Given information:
◇ ◇ ◇
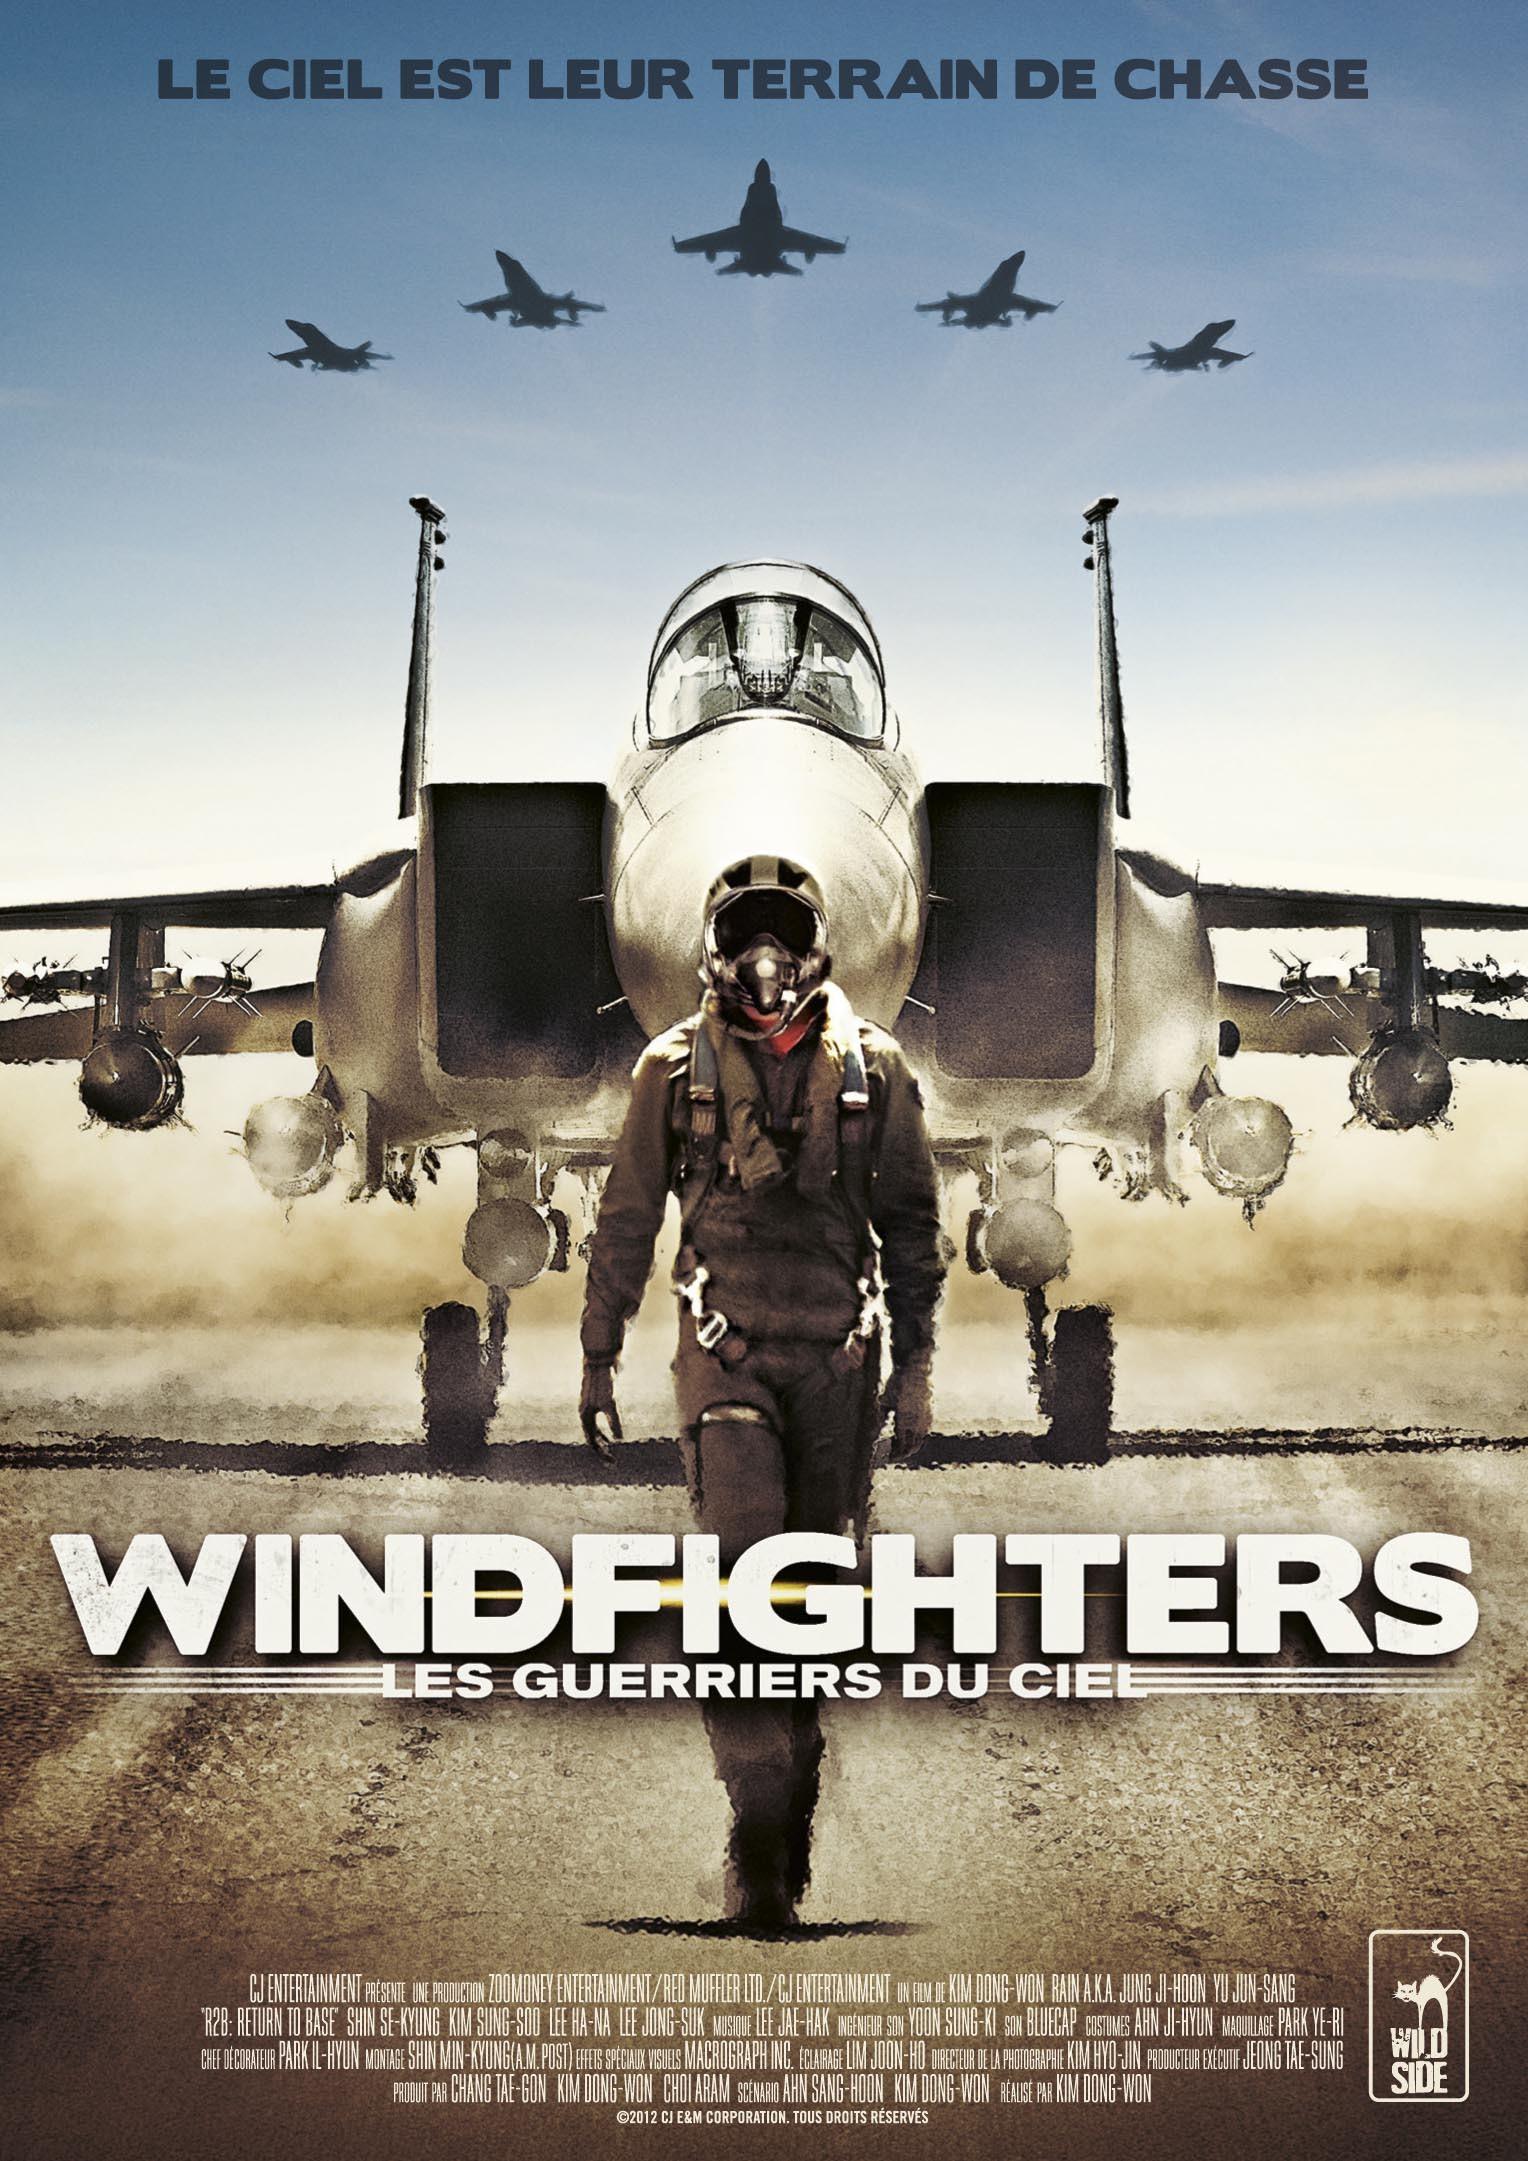 Films nationaux et internationaux - Page 28 Windfighters-affiche-51a7882100cc5
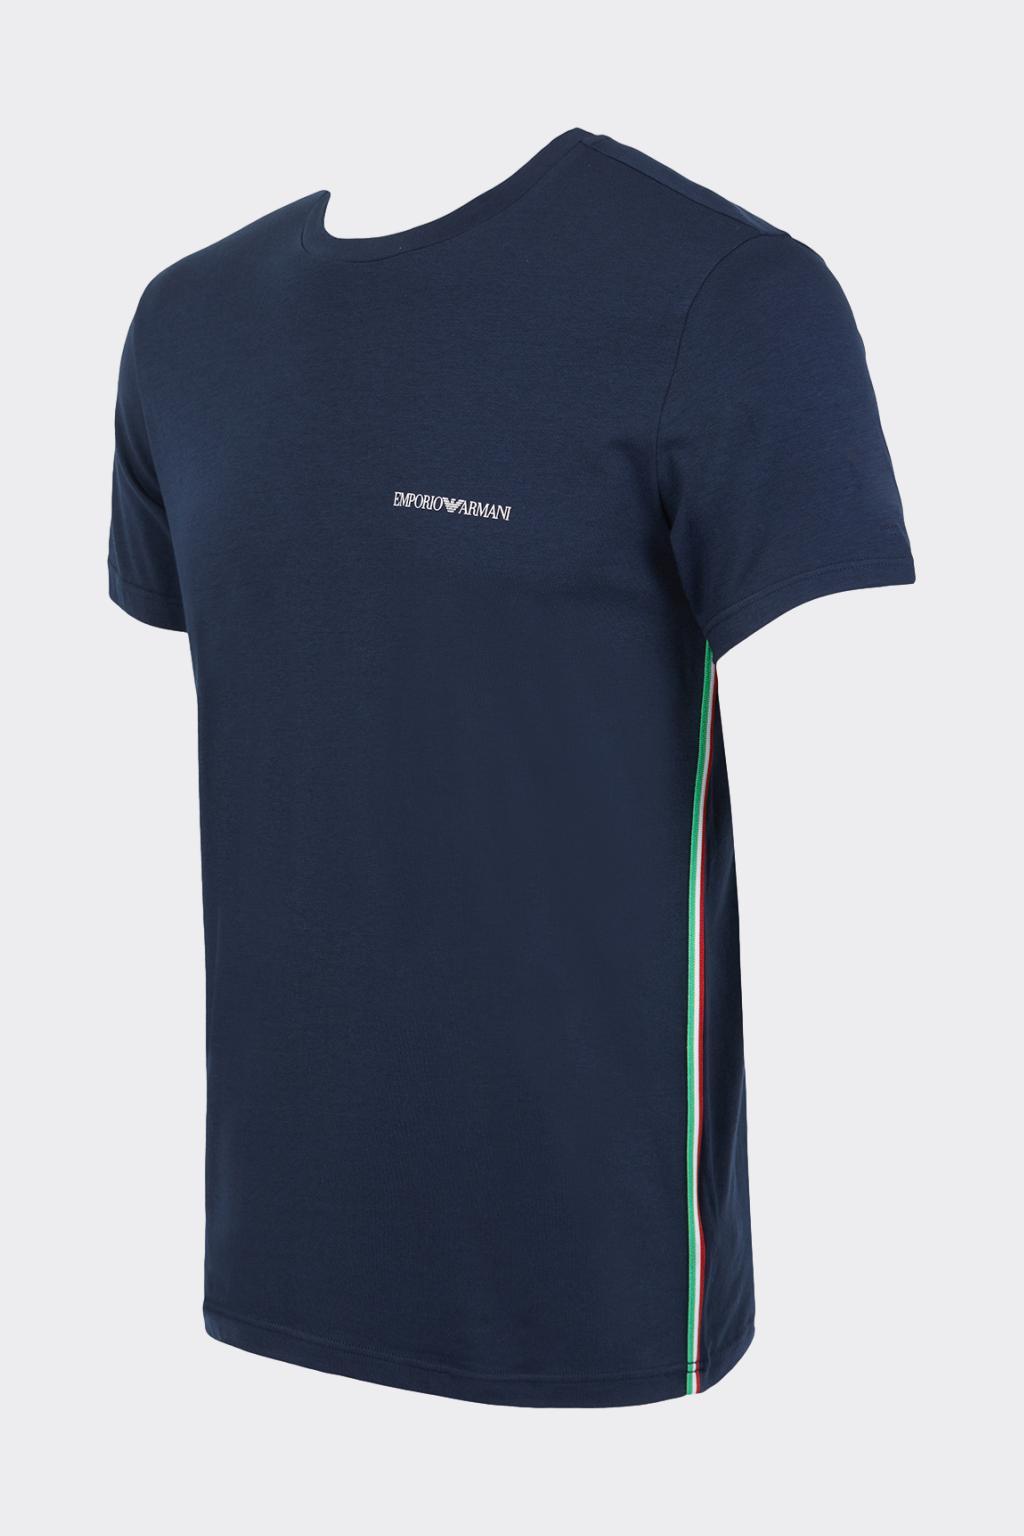 Emporio Armani Underwear Emporio Armani iconic tričko pánské - tmavě modré Velikost: L
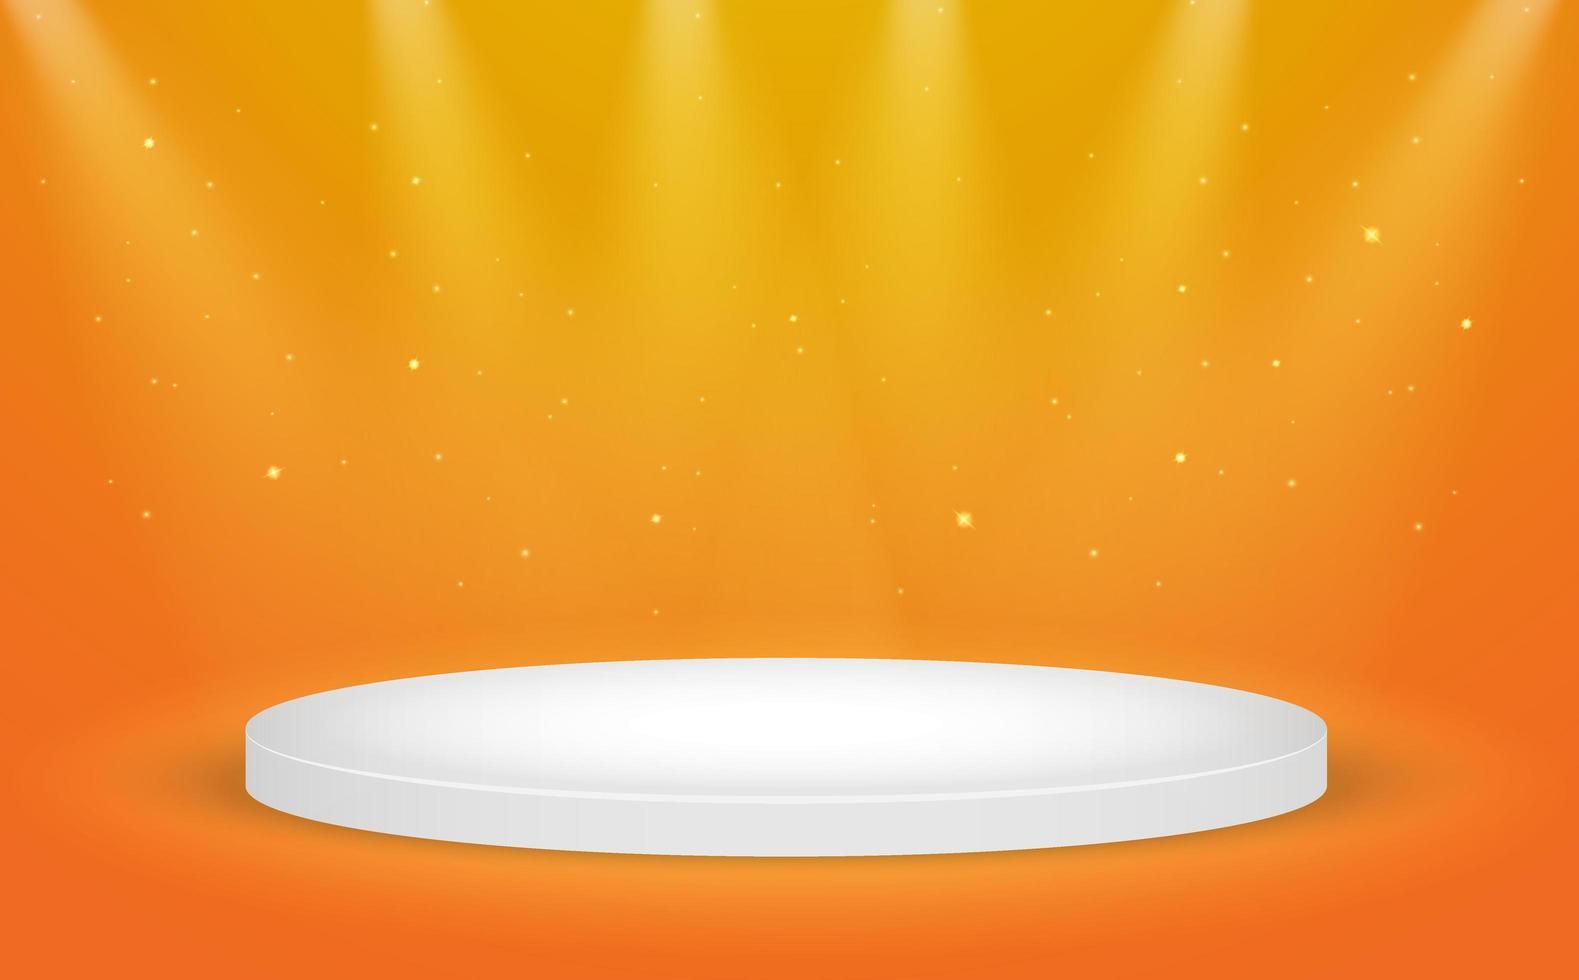 vita runda vinnaren podium på orange vektor
◇ ◇ ◇
Task objective:
The required answer is the material repeated exactly, with no images in it.

Reply to the task:
 Films nationaux et internationaux - Page 28 Windfighters-affiche-51a7882100cc5
 Emporio Armani Underwear Emporio Armani iconic tričko pánské - tmavě modré Velikost: L
 vita runda vinnaren podium på orange vektor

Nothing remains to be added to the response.